Paz precária

A mensagem de paz deste primeiro de janeiro de 2003 lembra a famosa encíclica “Pacem in Terris”, escrita por João XXIII, há exatos quarenta anos atrás. Nela, o “papa bom”, lembrava os quatro pilares, sobre os quais a paz verdadeira precisa se assentar, para ser autêntica e duradoura: a verdade, a justiça, o amor e a liberdade. Faltando um desses componentes, a paz não é completa, nem tem perspectivas de durar.

Em sua explicação, João XXIII dizia que estes valores precisam presidir tanto o relacionamento pessoal, na convivência cotidiana, como as relações das instituições no contexto da sociedade, e igualmente o relacionamento das nações em nível mundial.

Mas a encíclica do Papa, naquela época, repercutiu positivamente não só pela sabedoria dos seus conselhos, mas pelo testemunho pessoal de quem os dava. Dois meses após sua publicação, João XXIII vinha a falecer. Sua mensagem de paz servia de testamento à humanidade, no momento em que tinha chegado ao auge do perigo de uma guerra atômica, que colocava em risco a sobrevivência da espécie humana.

Foi a crise dos mísseis de Cuba, no final de 1962. Vale a pena recordar os lances. O mundo estava em plena guerra fria, com as duas superpotências, Estados Unidos e União Soviética, impondo a ordem do medo e o equilíbrio da força. As posições de domínio estavam bem delimitadas, e ninguém podia alterar suas fronteiras.

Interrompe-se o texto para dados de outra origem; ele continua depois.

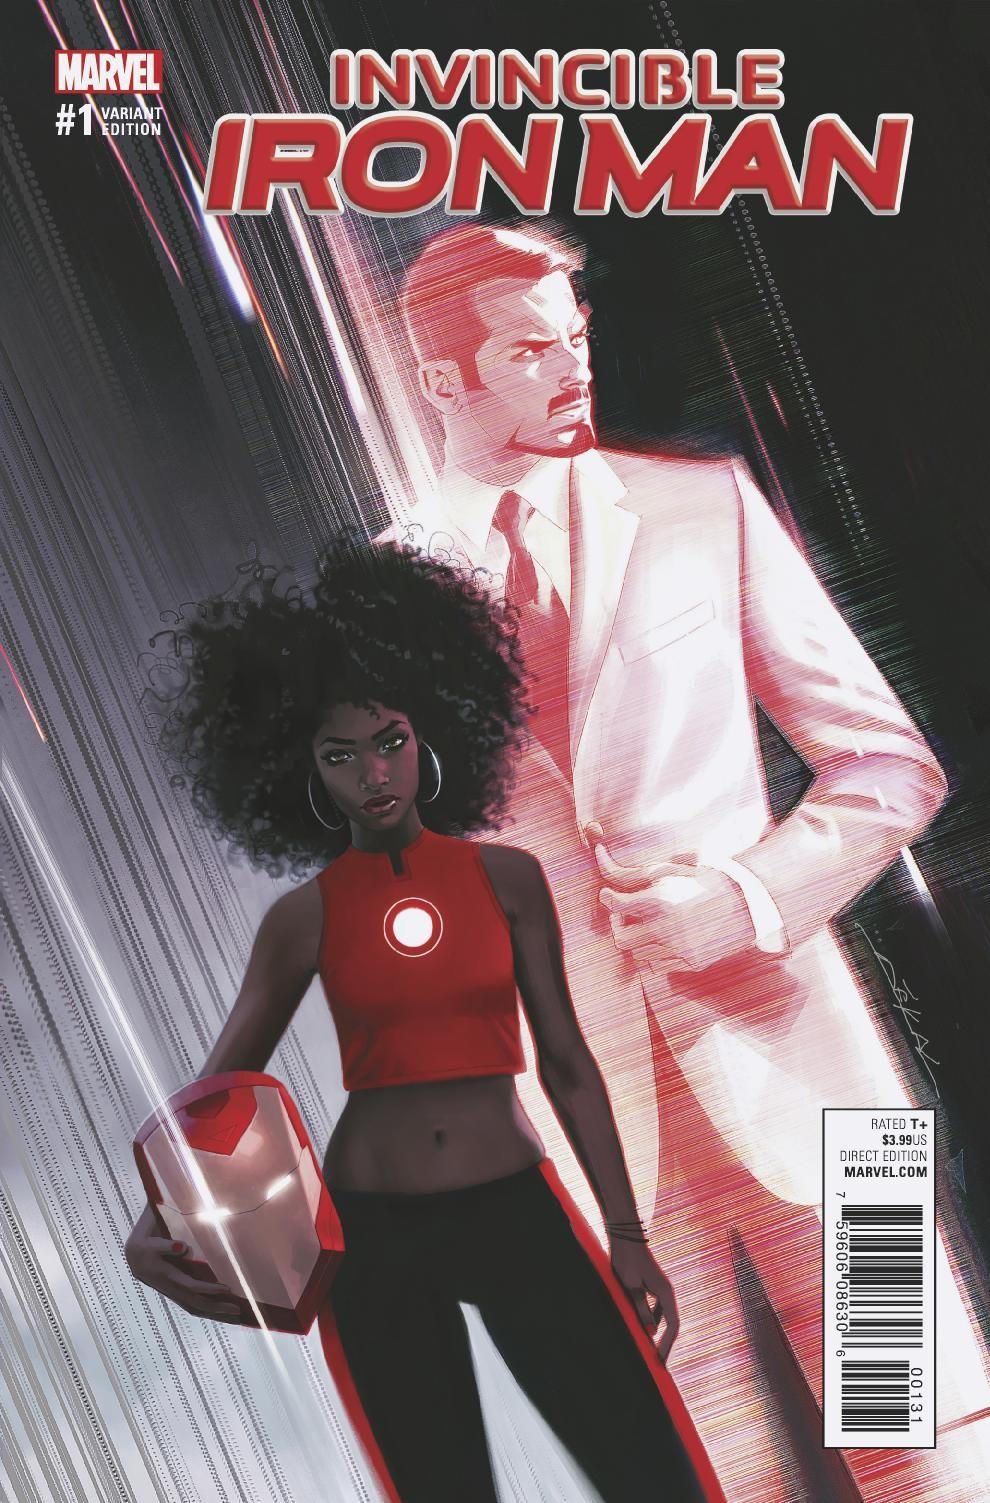 Marvel Previews Riri Williams as Invincible Iron Man
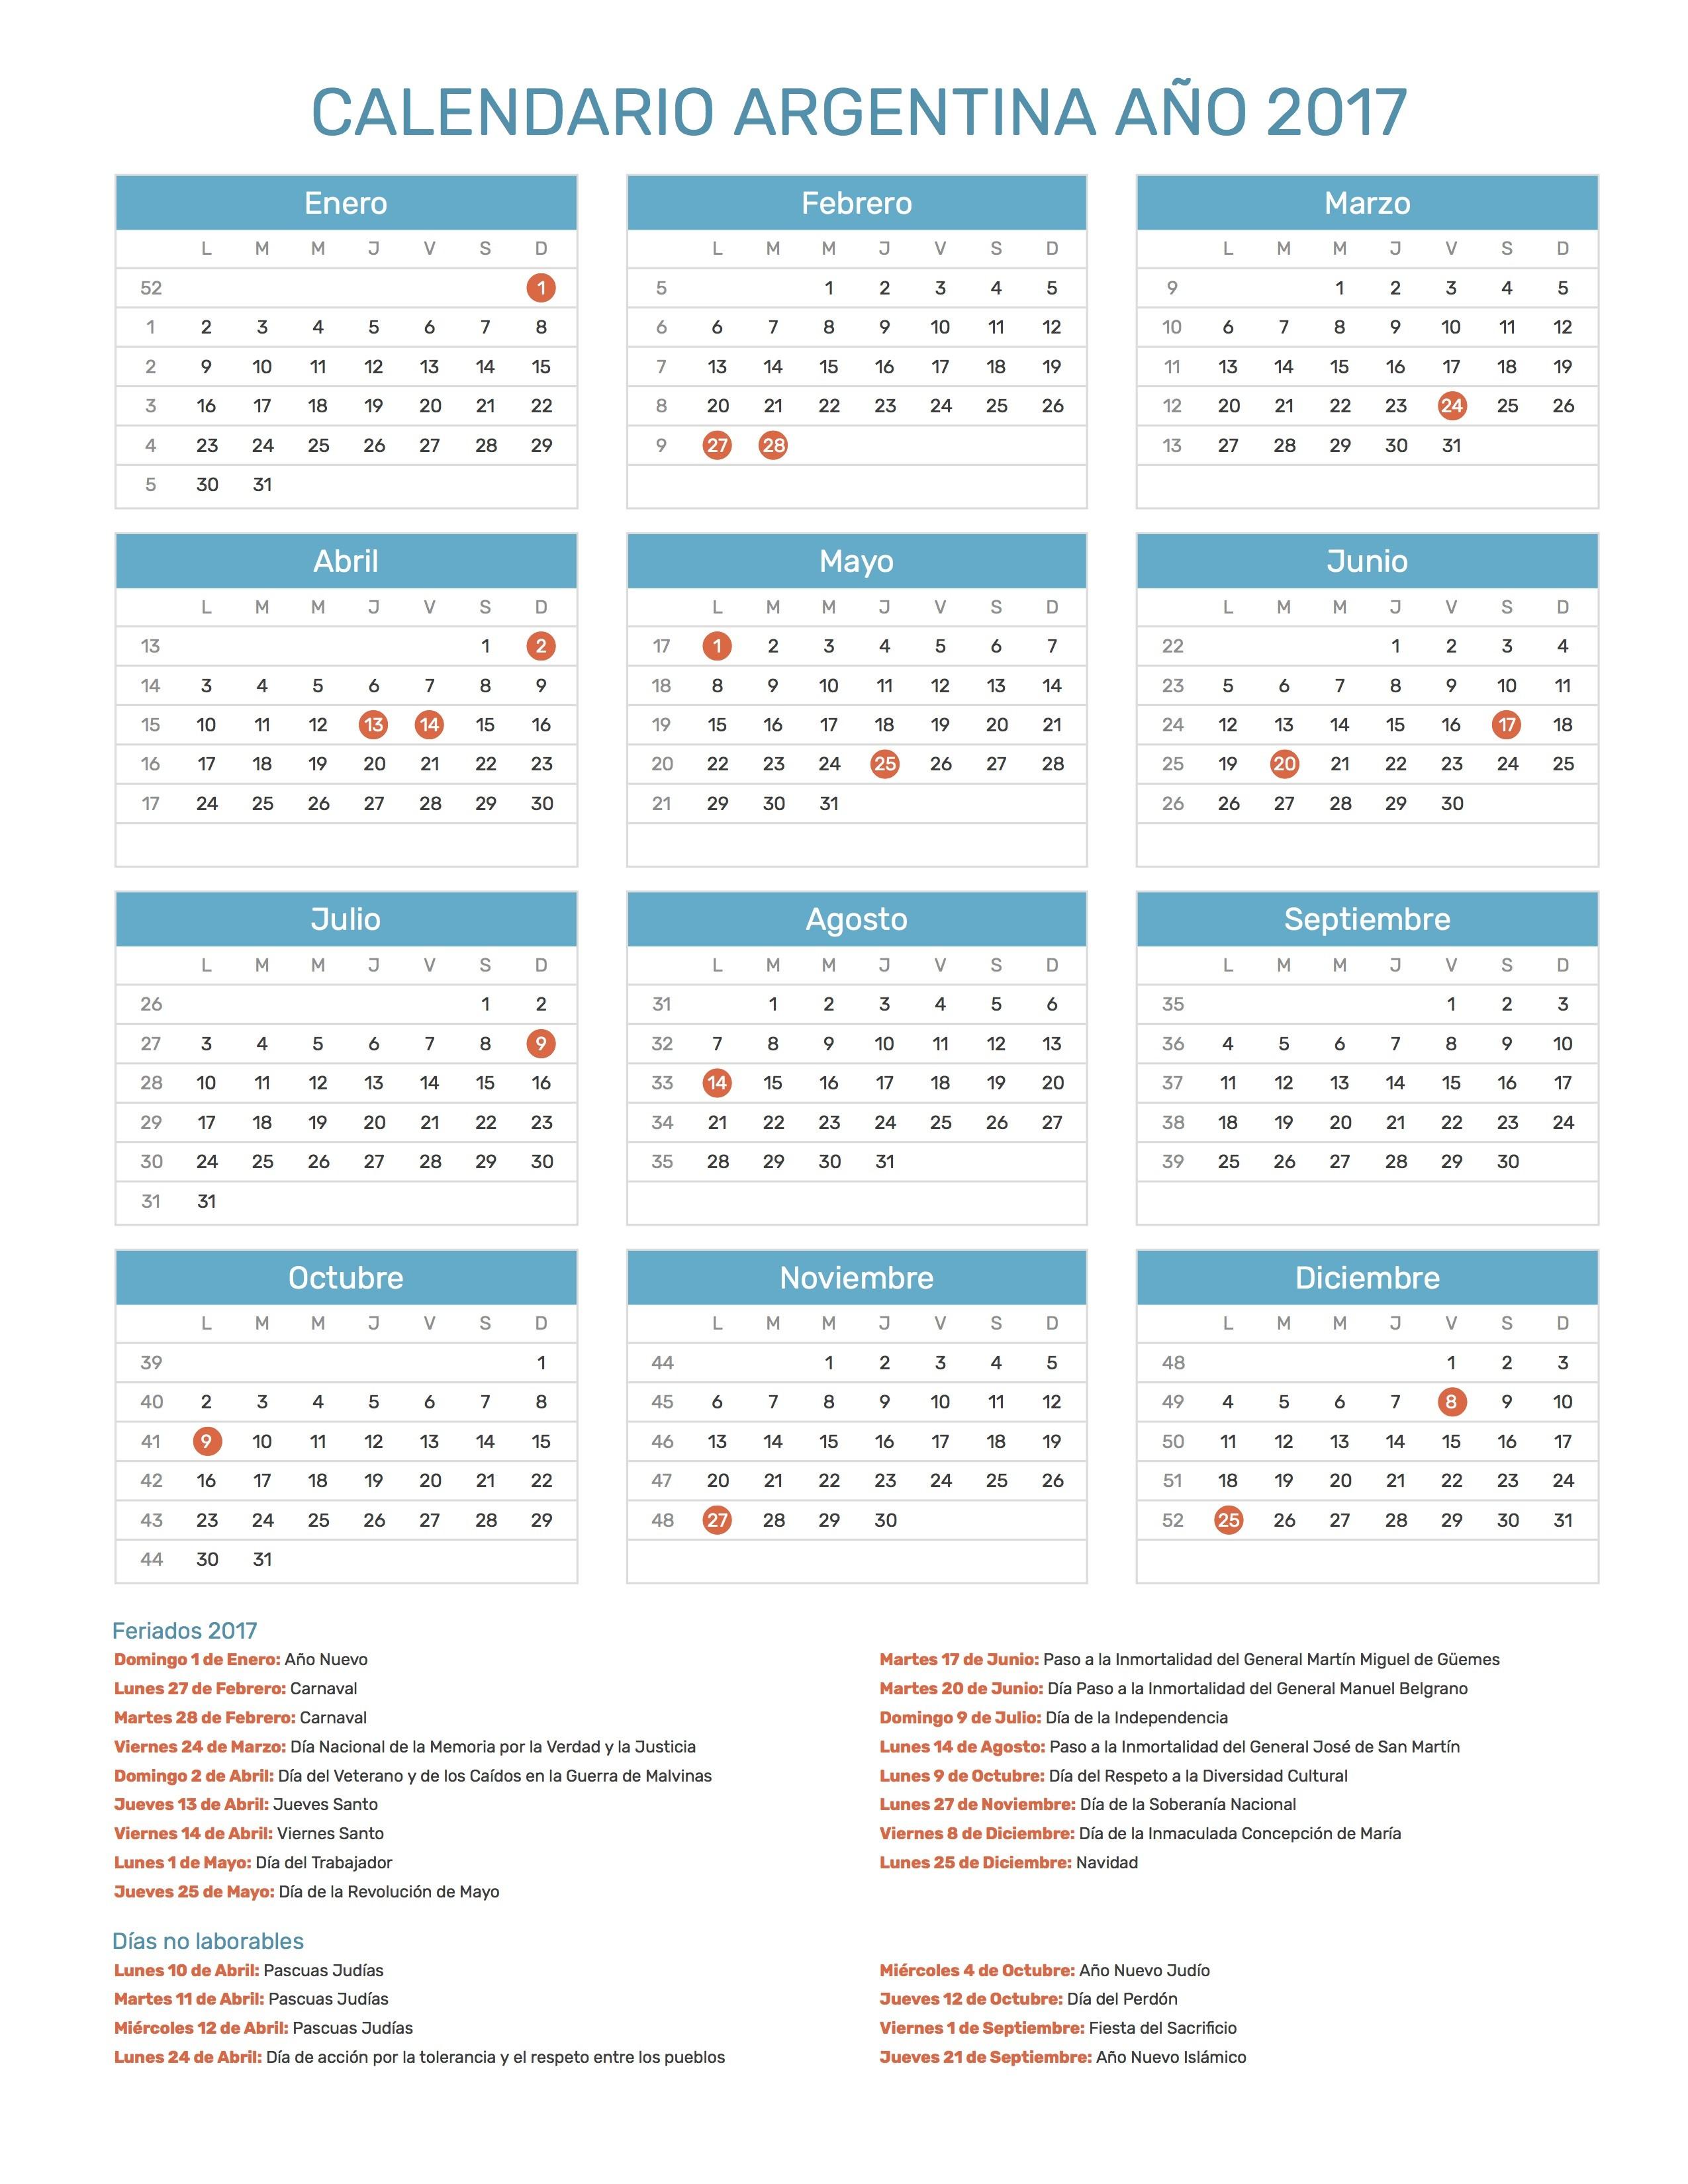 Calendario 2019 Para Imprimir Argentina Feriados Recientes 9 De Julio Argentina Feriado Of Calendario 2019 Para Imprimir Argentina Feriados Actual Calendarios Por Meses Affordable Imgenes De Calendarios Con Color

Foi então que a União Soviética, governada por Nikita Kruchov, planejou o golpe que lhe daria condições de ameaçar de perto os Estados Unidos. Começou a montar em Cuba seus mísseis, destinados a transportar as ogivas atômicas, que poderiam ser despejadas sobre os Estados Unidos com rapidez maior do que a capacidade americana de prevenção.

Os Estados Unidos, liderados pelo presidente John Kennedy, perceberam a fatalidade do golpe. E urgiram que a União Soviética sustasse o avanço do navio que já estava próximo a Cuba, trazendo os componentes dos mísseis, ameaçando imediata retaliação atômica.

Por momentos, o mundo viveu o suspense da deflagração do conflito atômico incontrolável. Era o auge da estupidez humana, que tinha criado a capacidade de autodestruição, e a tinha colocado à mercê das ambições de ilusórias hegemonias.

O equilíbrio do medo funcionou novamente. O projeto da União Soviética foi abandonado, Nikita Kruchov vestiu a carapuça de anjo da paz, e John Kennedy se cobriu da áurea de defensor da pátria.

Agora, 40 anos depois, a paz do mundo continua ainda precária. Talvez mais precária do que nos tempos da guerra fria. Pois naquela época havia, ao menos, o consenso prévio do respeito às posições existentes. Agora, a decisão de fazer a paz ou de ir à guerra parece depender dos humores do presidente da única superpotência militar, que esnoba seu poderio diante da humanidade calada em sua impotência de fazer valer os quatro pilares da paz, anunciados com tanta clareza e limpidez por João XXIII.

Pior ainda. O único “consenso” que permanece intocável é o respeito e a submissão ao poderio financeiro do capital supranacional, diante do qual se inclinam reverentes os governantes e os povos do mundo, mesmo que alquebrados sob a injusta extorsão dos juros e sob o peso da situação de miséria que resulta da ambição do capital.

Sabemos agora quanta injustiça subjazia à paz imposta pelo medo das bombas. No alvorecer deste novo milênio, emerge com evidência o desafio para a comunidade internacional: reformular as relações econômicas, reestruturar os organismos que as comandam, e repensar a destinação dos frutos do progresso, para que o mundo conheça uma era de paz verdadeira, fundada na verdade, na justiça, no amor e na liberdade, como ainda nos lembra o bom Papa João.